One of my preoccupations is the
difficulty of how the discipline of history – in its modern, quasi-scientific,
secular garb – can engage seriously with profoundly different worldviews. Given
my own interests, I am thinking in particular of how history can deal with the
religious faith of past societies and individuals, and do so without
condescension or dismissiveness. But the point applies more widely. I tried to
address some of these issues in the introduction to my most recent book,
although the best extended consideration of it that I know remains Leigh Eric
Schmidt’s Hearing Things.
So when I see an article in the new American Historical Review,* in which
the ancient historian Greg Anderson argues for an ‘ontological turn’ in which
we take the reality of what he calls other historical ‘lifeworlds’ seriously, I
ought to be delighted. And in many ways I am. I am certainly very stimulated by it (as you can tell). Much of what he says seems like
obviously good sense, especially if, like me, you tend to think that all
history is in the end history of mentalities. And, indeed, if his description
of some of the crudely anachronistic histories of ancient Athens is fair, I am kind
of shocked that respectable scholars are still doing that sort of thing.
So why does the whole thing leave me
feeling a bit queasy?
Anderson is rightly critical of
history-writing which takes what he calls a ‘God’s-eye, “etic” (outsider)’ view of the past,
urging us instead to inhabit those past worldviews. But he does not directly
address the problem which seems to me fundamental here, namely that historians
do not inhabit the past. We inhabit the present. And this is not a liability.
Very good historians can sometimes inhabit both past and present, stretching their
minds to multiple worlds. But the point of doing history is not to inhabit the
past for its own sake, but to understand it from the perspective of the present,
to make it intelligible to the present, and to use all the resources we have
(necessarily, present resources) to interrogate it. Historians are, at best,
the conduits between ages. We need to have a foot in each one.

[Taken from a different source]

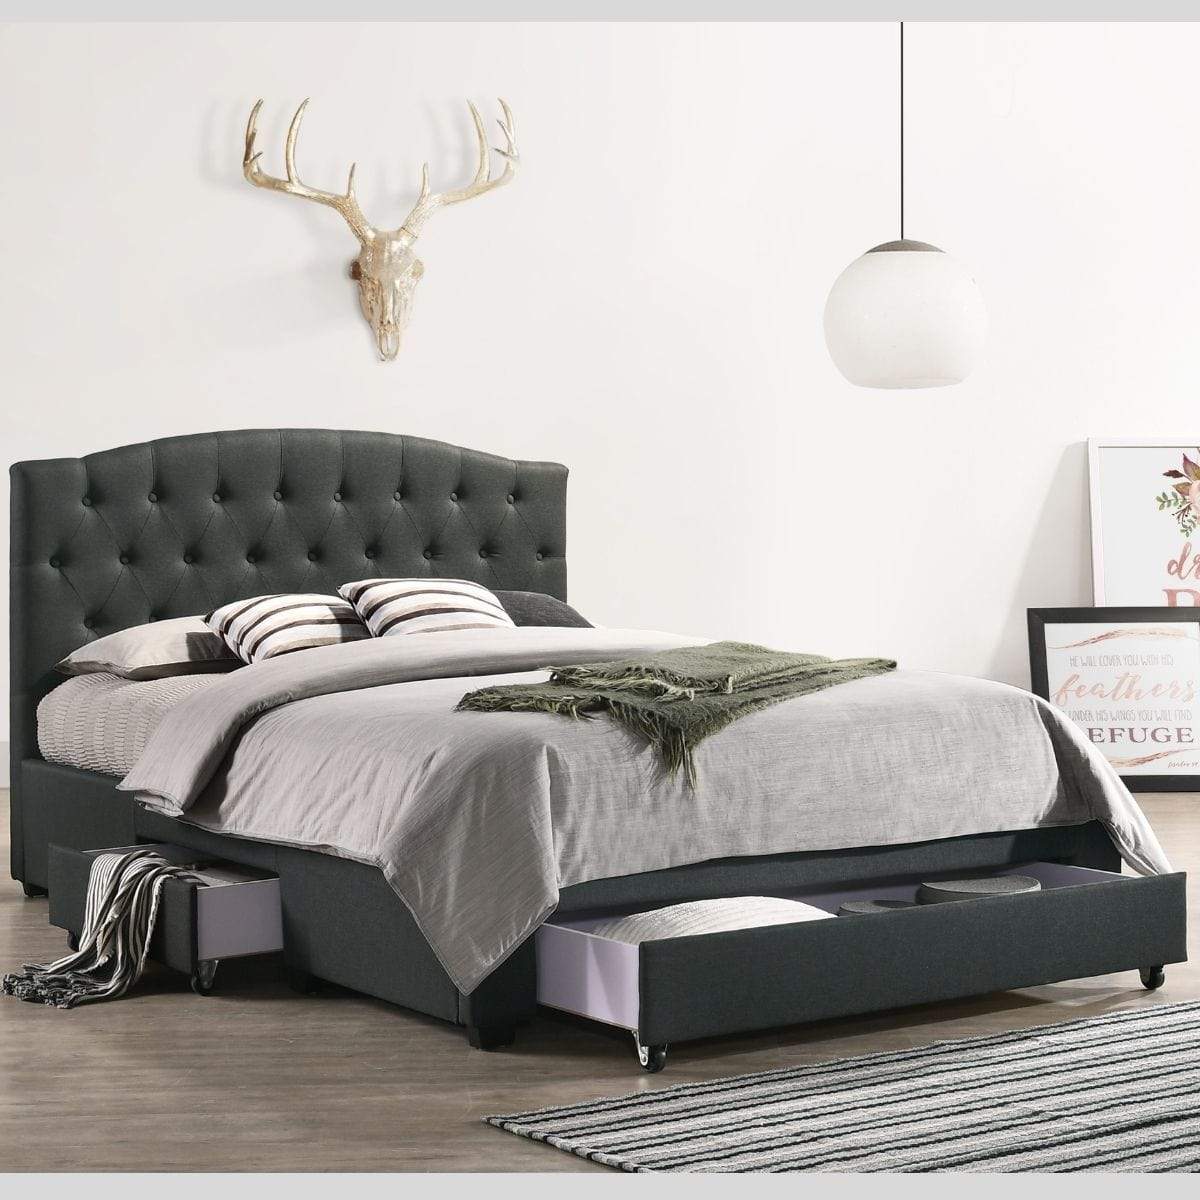 French Provincial Modern Fabric Platform Bed Base Frame with Storage Drawers Queen Charcoal - Newstart Furniture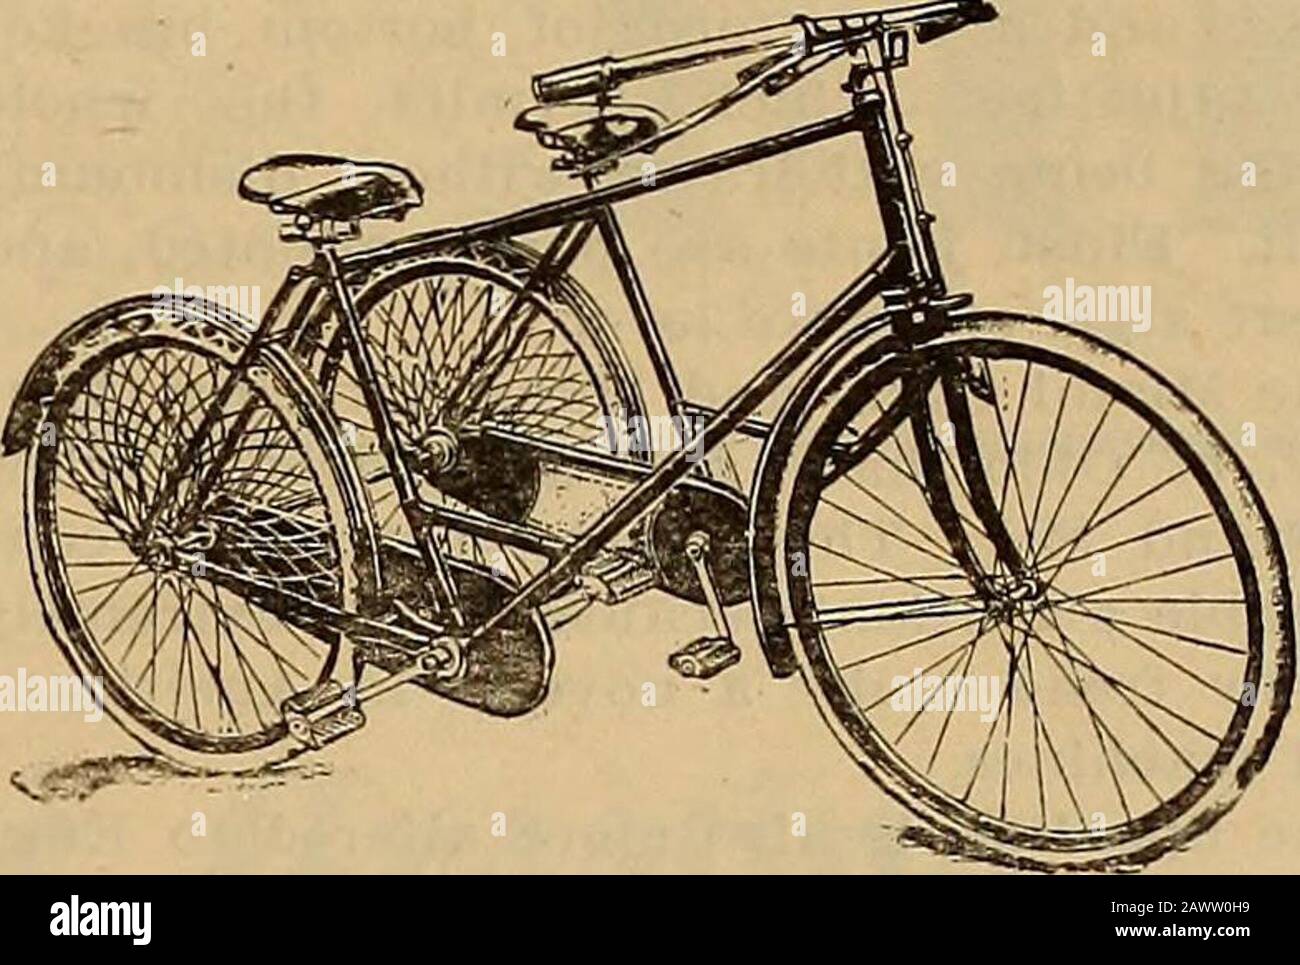 The Wheel and cycling trade review . x, RayS. Hofheins, Buffalo, N. Y. F. H. Allen, Syracuse, N. Y. W. Birdsall, Auburn, N. Y. Dr. A. I. Brown, Cleveland, Ohio. Phil Nichel, Milwaukee, Wis. Fill Church, Toledo, Ohio. C. T. Wolcott, Gibsonville, Ohio. F. A. Church, Toledo, Ohio. John Hunter, Albion, Mich. Harry T. Tudhope, Port Huron, Mich. F. E. Hendrich, Danville, 111. O. A. Schlitz, Canton, 111. , Henry Trapp, Lincoln, 111. For knowingly competing in handicap race nothandicapped by the official handicapper, D. F.Carmichael, St. Paul, Minn., is suspended fromall track racing for ninety days f Stock Photo

Failing to recognise that we ourselves are and must be rooted in a
particular historical moment, pretending that we and we alone can transcend our
historical particularity and inhabit other worlds – that seems to me the
ultimate ‘etic’ viewpoint.
Instead, should we not recognise that our present and its knowledge can
bring real value to reading past societies? Take, for example, an event in
ancient Athenian history which Anderson does not mention, the plague of 430
BCE. It seems to me historically sensible to use modern ideas such as germ
theory in order to analyse that event, even though they were not part of the
ancient Athenian ‘lifeworld’. Sometimes we just know stuff they didn’t. And naturally,
they knew stuff that we don’t. The point of a historical conversation with the
past is surely that both we and they are allowed to bring insights to the table.
I am also a little troubled by the sealed, stable ‘lifeworlds’ that he
implies, a bit like native reservations, in which exotic peoples can be admired
in their pristine habitats. It is not simply that modern ideas can sometimes be
powerful analytical tools for examining past societies, but also that past
societies themselves were not stable. I kept expecting Anderson to talk about
my old friends Herodotus and Thucydides, whose views on this particular
question seem to me relevant. Herodotus, famously, used divine agency as an
explanatory tool in his Histories. A
generation later Thucydides, very deliberately, refused to do so. Without
getting into who was right, that suggests that the ancient Athenian ‘lifeworld’
was pretty plural and unstable. Perhaps the truisms Anderson lists – gods,
land, demos and household – were not so universally held. In particular,
perhaps the women, slaves and other voiceless peoples of ancient Athens did not
accept them.
I think Anderson would respond
that this is part of his point: that lifeworlds are contingent and fluid, and
that this extends to our own. But this troubles me too. I mean, he is right, obviously.
But one of the plainest features of this essay is its distaste for modernity.
His description of the modern post-Enlightenment lifeworld – materialist, secular,
anthropocentric and individualist – reeks of disapproval. Fair enough, you
might say, although I am not sure quite which variety of collectivism and supernatural
agency he would like us to adopt instead. But his final line, that an
ontological turn in history may lead us ‘to imagine less exploitative, more
equitable, more sustainable lifeworlds of the future’, gives the game away. That’s
not a historical project, it’s a political one (and is profoundly presentist,
ransacking the past for what it can give us). Historically, studying the past
can reveal to us how deeply contingent, and indeed weird, our own society is: although
I think he overdoes the present’s absolute exceptionalism, a little
narcissistically. Whether that makes us want to critique the present, or,
alternatively, to consider how lucky we all are nowadays, is a political
matter. A perfectly legitimate one, but if you’ve a constructive critique of
modernity to make, let’s have it openly stated, not assumed and framed as
history.
*Greg Anderson, ‘Retrieving the Lost
Worlds of the Past:The Case for an Ontological Turn’ in American Historical Review 120/3 (2015): 787-810.